Winston Churchill and Clement Attlee
“I woke suddenly with a sharp stab of almost physical pain. A hitherto subconscious conviction that we were beaten broke forth and dominated my mind,” he recounted in his war memoirs. The following morning his darkest fears were realised as the first reports began to come in from the constituencies. The 1945 general election was unusual in that there was a gap of three weeks between official polling day and the actual counts, in order to allow return of the ballot papers from the huge numbers of Armed Forces personnel serving overseas.
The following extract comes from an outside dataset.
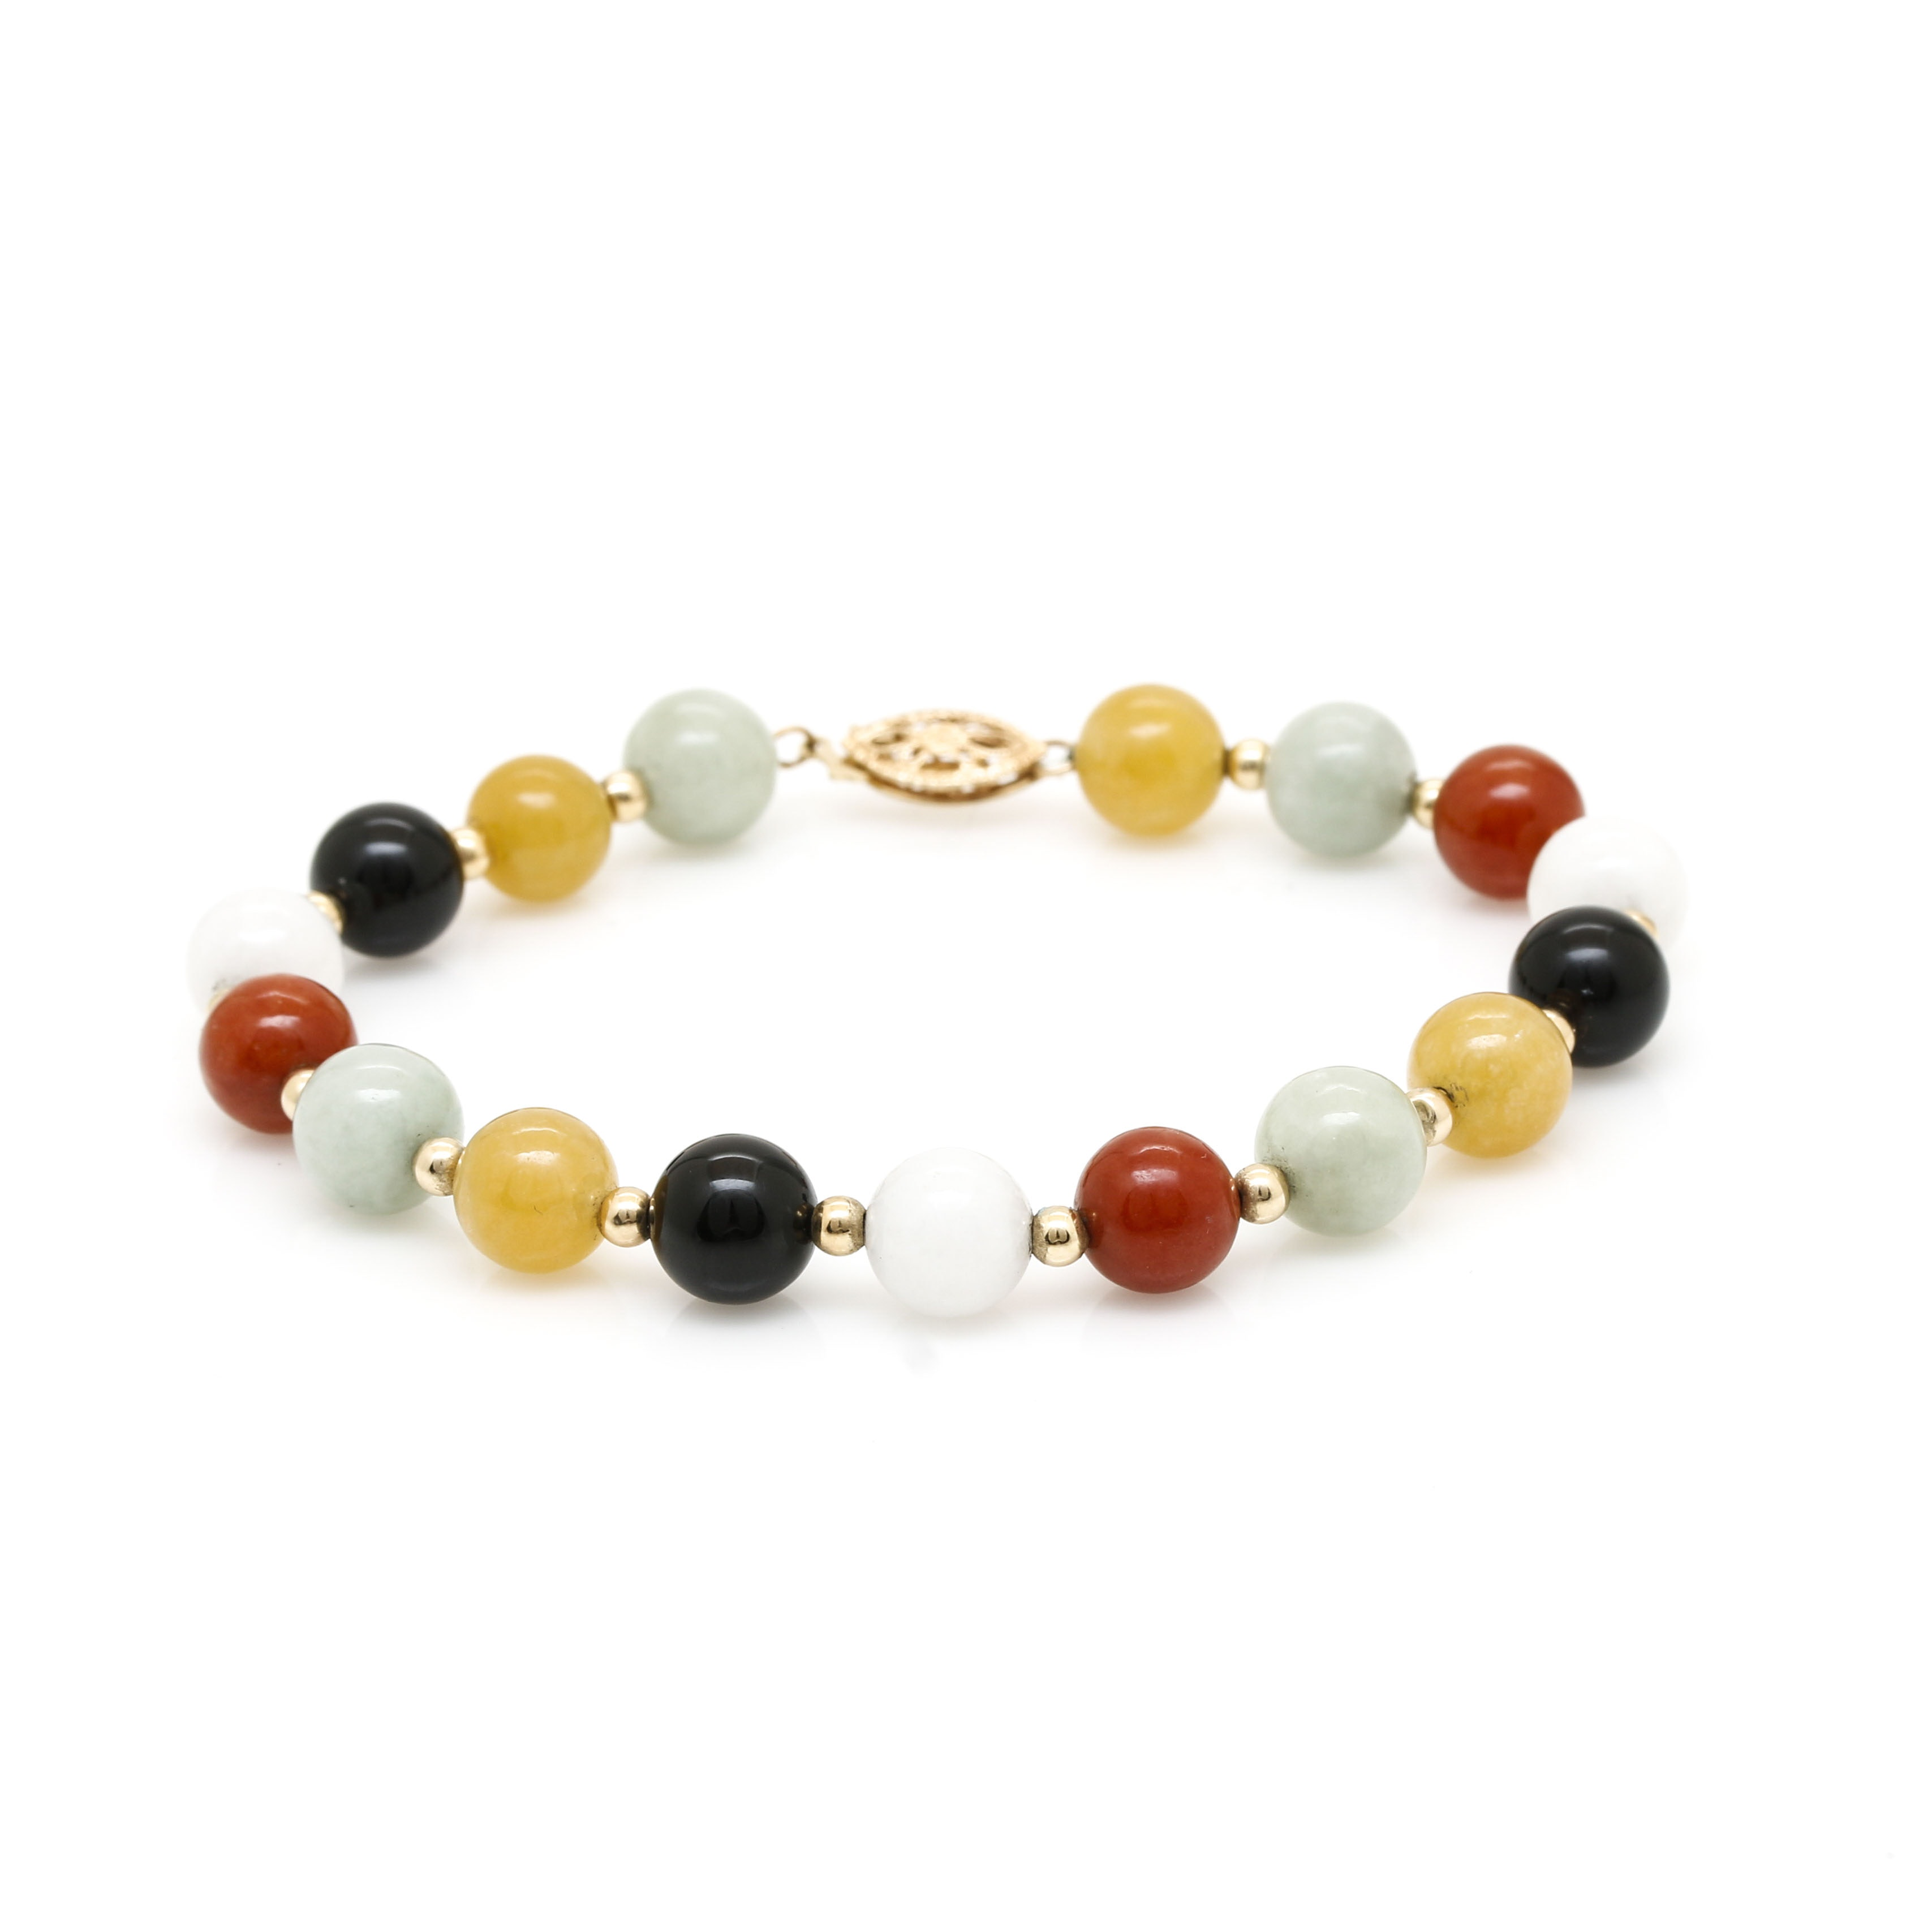 14K Yellow Gold Onyx and Jadeite Beaded Bracelet

But once all the votes were tallied, the scale of Churchill’s defeat was clear. “It’s a debacle,” admitted his trusted aide Jock Colville to Churchill’s wife Clementine.
Altogether, the Tories lost no fewer than 189 seats, giving them a total of just 197 MPs.
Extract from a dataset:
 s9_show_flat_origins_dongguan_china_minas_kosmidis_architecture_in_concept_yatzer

In contrast, Labour made 239 gains and, with 393 MPs, were able to form a majority government for the first time.
The party’s reserved, austere leader Clement Attlee, who had been Churchill’s deputy for most of the war, became the new prime minister at the head of a powerful Cabinet.
My new book, Attlee and Churchill, examines the unique relationship between these two giants who dominated British politics throughout the mid-20th century.
In the light of today’s bitterly divisive, often incendiary Westminster scene, it is fascinating to see how the two men maintained their civility and respect towards each other, despite very different outlooks.
Indeed, Attlee as a socialist represented the ideology that Churchill opposed throughout his career, yet they worked harmoniously during the great wartime coalition, a true government of national unity.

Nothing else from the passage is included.